Review Comment:
This paper deals with a very important problem from information retrieval based
on images, which is known as the semantic gap. The semantic gap arises from the
different ways in which an image database can be queried. Given one or a few
images, one may ask for similar images (query by example), which is solved by
identifying and comparing features in an image. Alternatively, one may specify
a set of properties (keywords) of the images to be retrieved. Since features
and keywords are not interrelated, one cannot go from one of these queries to
the other.
This work uses three ontologies to give a semantic relationship between features
and keywords. Keywords are organized through a high-level ontology which can be
defined by the user to specify the meaning of these keywords. Features are
extracted automatically through previously existing approaches, and also organized
in a low-level ontology, taking many properties of the image into account (e.g.,
location, density, etc.). Finally, the connection between these two ontologies
is specified through a linking ontology. The overall result are three rather
simple TBoxes, which are then populated with large ABoxes.
The authors apply this general approach to create an ontology of lettrines from
medieval texts, to allow experts to query and retrieve important information from
existing data. It is important to note that the construction of the ontology
requires much manual work, not only in defining the TBox (which is small) but
also in populating the ABox.
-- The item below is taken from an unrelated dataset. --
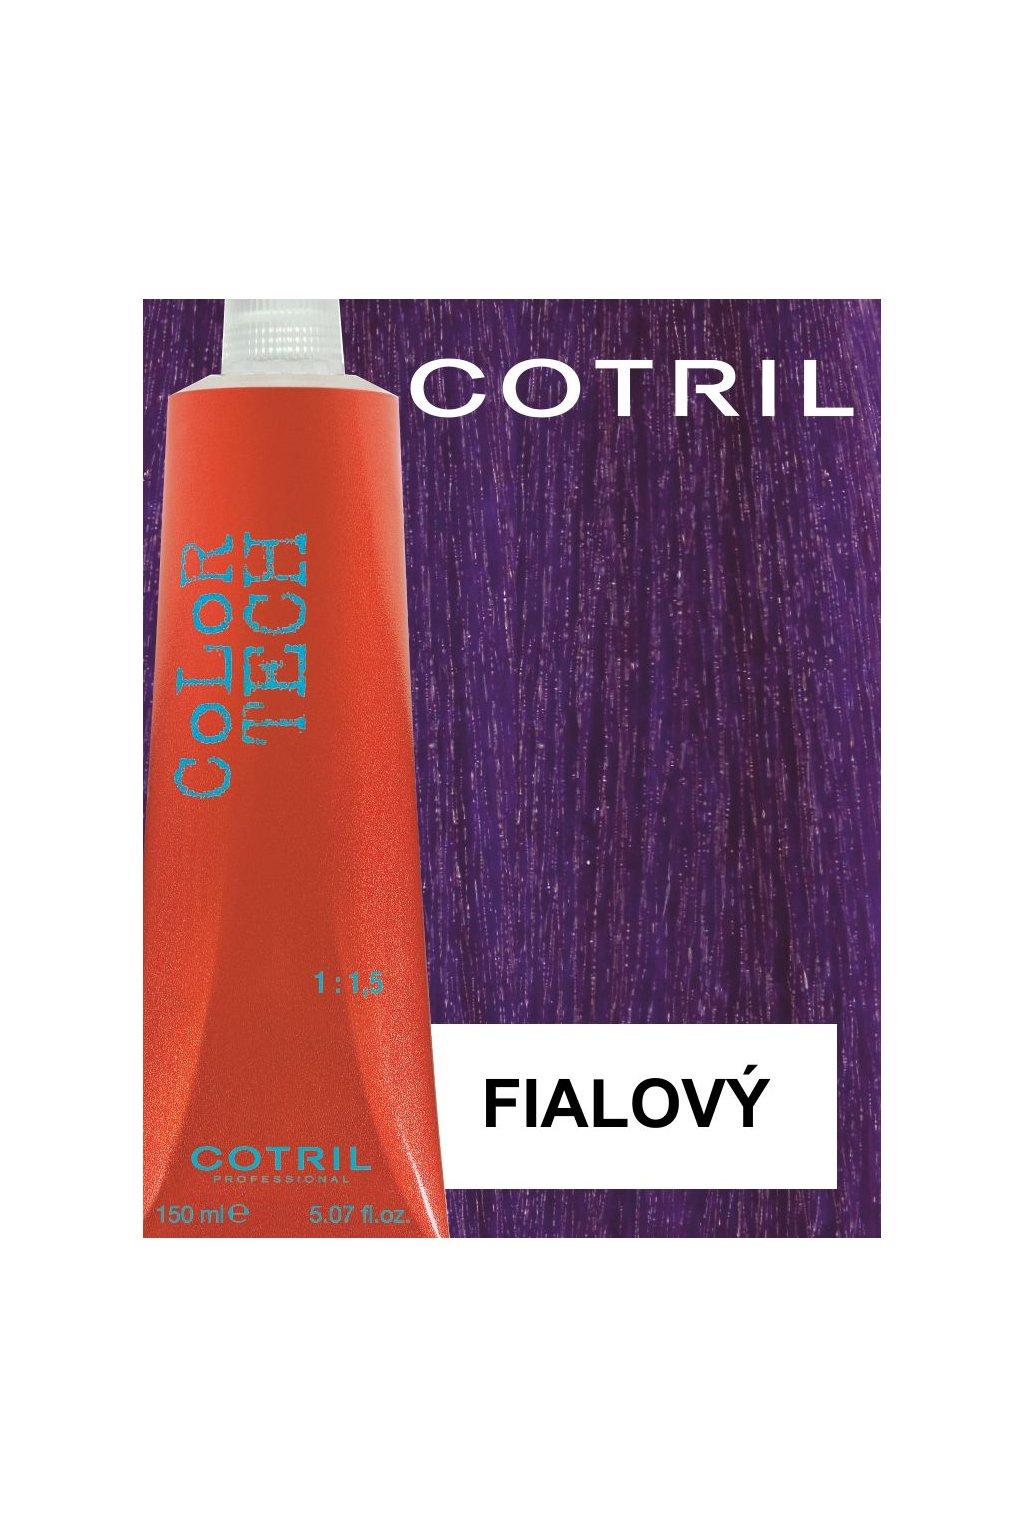 FIALOVY ct cotril

In fact, although the authors use automatic feature
extraction methods, they need to be manually verified. Still, the result is an
ontology which can be queries at both levels: from its features, or from its
keyword (or both at the same time), as was required by the original problem.
This is a pretty nice work. Although it does not give any technical innovations,
it shows how existing techniques can be used for practical problems, and also
points issues that need to be solved towards this goal. The application scenario
is very interesting and within the scope of this special issue. I have no
doubt that is can be accepted.
I have only a few (pedantic) remarks:
- "T-Box", "Tbox", etc. -> "TBox"
- the same for A-Box, A Box, etc
- Section 2.2: "Ontologies approach have" -> "Ontology approaches have"
- "[32], image content was modeled ..." -> I could not understand this sentence
- end of Section 4.4: if something is correct 17 out of 18 times, the error
rate is about 5%, not 2%
|